Data entries

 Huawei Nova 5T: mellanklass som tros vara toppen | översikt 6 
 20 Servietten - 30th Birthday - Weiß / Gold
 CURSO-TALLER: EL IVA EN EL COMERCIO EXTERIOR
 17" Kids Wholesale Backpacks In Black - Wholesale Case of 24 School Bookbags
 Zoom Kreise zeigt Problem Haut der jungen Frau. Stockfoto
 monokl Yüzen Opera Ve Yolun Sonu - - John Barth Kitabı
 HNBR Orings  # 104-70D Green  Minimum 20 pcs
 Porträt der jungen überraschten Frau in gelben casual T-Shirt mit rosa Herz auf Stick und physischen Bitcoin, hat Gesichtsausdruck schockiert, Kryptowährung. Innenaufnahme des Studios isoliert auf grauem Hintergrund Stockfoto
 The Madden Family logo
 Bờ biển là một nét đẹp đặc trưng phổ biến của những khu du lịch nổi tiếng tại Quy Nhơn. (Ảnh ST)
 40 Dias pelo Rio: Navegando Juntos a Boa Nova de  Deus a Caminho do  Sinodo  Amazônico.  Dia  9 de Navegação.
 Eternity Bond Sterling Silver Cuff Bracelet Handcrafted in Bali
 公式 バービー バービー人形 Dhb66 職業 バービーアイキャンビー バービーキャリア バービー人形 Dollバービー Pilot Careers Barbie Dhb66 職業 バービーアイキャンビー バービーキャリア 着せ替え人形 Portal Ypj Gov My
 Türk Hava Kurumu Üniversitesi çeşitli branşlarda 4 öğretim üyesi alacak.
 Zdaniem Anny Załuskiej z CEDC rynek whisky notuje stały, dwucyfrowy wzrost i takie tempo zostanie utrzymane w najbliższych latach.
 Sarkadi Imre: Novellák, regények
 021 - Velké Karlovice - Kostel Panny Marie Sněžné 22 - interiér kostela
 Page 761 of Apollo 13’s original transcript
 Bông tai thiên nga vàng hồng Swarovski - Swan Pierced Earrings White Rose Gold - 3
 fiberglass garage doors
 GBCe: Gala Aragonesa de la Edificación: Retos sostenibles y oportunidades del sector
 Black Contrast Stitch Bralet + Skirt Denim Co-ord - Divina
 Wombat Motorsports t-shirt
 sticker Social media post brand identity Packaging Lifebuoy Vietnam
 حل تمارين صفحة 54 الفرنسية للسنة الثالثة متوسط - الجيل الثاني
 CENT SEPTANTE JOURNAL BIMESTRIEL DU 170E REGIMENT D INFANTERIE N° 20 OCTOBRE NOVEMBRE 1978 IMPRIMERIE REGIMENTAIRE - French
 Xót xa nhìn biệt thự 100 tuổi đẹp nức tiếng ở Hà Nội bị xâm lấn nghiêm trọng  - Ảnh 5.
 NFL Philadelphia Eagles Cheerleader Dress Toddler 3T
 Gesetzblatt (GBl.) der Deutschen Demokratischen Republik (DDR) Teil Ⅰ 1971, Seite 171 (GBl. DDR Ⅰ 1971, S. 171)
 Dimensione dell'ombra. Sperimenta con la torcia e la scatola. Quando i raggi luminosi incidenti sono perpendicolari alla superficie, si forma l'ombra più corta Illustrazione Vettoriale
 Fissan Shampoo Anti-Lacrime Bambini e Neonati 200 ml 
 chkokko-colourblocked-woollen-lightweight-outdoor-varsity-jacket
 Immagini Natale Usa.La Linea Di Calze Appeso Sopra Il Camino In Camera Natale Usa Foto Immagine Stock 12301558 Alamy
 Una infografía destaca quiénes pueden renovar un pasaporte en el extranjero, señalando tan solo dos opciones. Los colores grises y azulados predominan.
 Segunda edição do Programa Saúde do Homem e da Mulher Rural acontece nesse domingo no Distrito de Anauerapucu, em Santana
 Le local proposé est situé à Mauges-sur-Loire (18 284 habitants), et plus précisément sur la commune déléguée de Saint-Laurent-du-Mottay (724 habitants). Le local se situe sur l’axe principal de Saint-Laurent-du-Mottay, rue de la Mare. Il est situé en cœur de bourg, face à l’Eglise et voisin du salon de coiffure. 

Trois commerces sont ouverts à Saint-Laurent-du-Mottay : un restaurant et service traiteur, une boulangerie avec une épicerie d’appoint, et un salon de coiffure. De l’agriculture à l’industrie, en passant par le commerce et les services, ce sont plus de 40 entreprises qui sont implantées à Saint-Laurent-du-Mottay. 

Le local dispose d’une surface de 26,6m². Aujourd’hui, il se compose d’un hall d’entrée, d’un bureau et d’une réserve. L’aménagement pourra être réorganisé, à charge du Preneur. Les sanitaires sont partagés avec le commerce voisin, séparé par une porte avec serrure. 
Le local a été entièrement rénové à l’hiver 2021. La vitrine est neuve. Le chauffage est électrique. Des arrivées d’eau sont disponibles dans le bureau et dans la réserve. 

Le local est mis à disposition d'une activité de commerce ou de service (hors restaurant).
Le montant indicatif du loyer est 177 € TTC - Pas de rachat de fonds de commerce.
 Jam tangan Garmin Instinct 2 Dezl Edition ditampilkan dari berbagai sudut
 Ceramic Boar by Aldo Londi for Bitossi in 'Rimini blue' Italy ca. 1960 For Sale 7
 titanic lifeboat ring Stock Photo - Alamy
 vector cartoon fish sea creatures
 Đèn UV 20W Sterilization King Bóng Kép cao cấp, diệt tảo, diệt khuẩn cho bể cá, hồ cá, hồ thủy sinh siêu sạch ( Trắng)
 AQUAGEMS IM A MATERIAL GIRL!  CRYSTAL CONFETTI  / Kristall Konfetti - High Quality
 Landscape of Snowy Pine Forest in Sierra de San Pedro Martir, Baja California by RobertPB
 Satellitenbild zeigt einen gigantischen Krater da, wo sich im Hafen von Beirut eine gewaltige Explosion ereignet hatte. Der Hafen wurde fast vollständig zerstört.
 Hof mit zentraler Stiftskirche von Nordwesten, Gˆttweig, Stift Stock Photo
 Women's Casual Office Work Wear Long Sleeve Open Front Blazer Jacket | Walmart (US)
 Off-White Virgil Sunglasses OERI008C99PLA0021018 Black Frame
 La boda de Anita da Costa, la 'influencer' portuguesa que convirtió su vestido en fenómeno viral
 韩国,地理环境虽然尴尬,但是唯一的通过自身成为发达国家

▶ About this exercise
Begin at the top of the records above and quote each line exactly, ending with the line that contains "The Madden Family logo".

▶ Task solution
 Huawei Nova 5T: mellanklass som tros vara toppen | översikt 6 
 20 Servietten - 30th Birthday - Weiß / Gold
 CURSO-TALLER: EL IVA EN EL COMERCIO EXTERIOR
 17" Kids Wholesale Backpacks In Black - Wholesale Case of 24 School Bookbags
 Zoom Kreise zeigt Problem Haut der jungen Frau. Stockfoto
 monokl Yüzen Opera Ve Yolun Sonu - - John Barth Kitabı
 HNBR Orings  # 104-70D Green  Minimum 20 pcs
 Porträt der jungen überraschten Frau in gelben casual T-Shirt mit rosa Herz auf Stick und physischen Bitcoin, hat Gesichtsausdruck schockiert, Kryptowährung. Innenaufnahme des Studios isoliert auf grauem Hintergrund Stockfoto
 The Madden Family logo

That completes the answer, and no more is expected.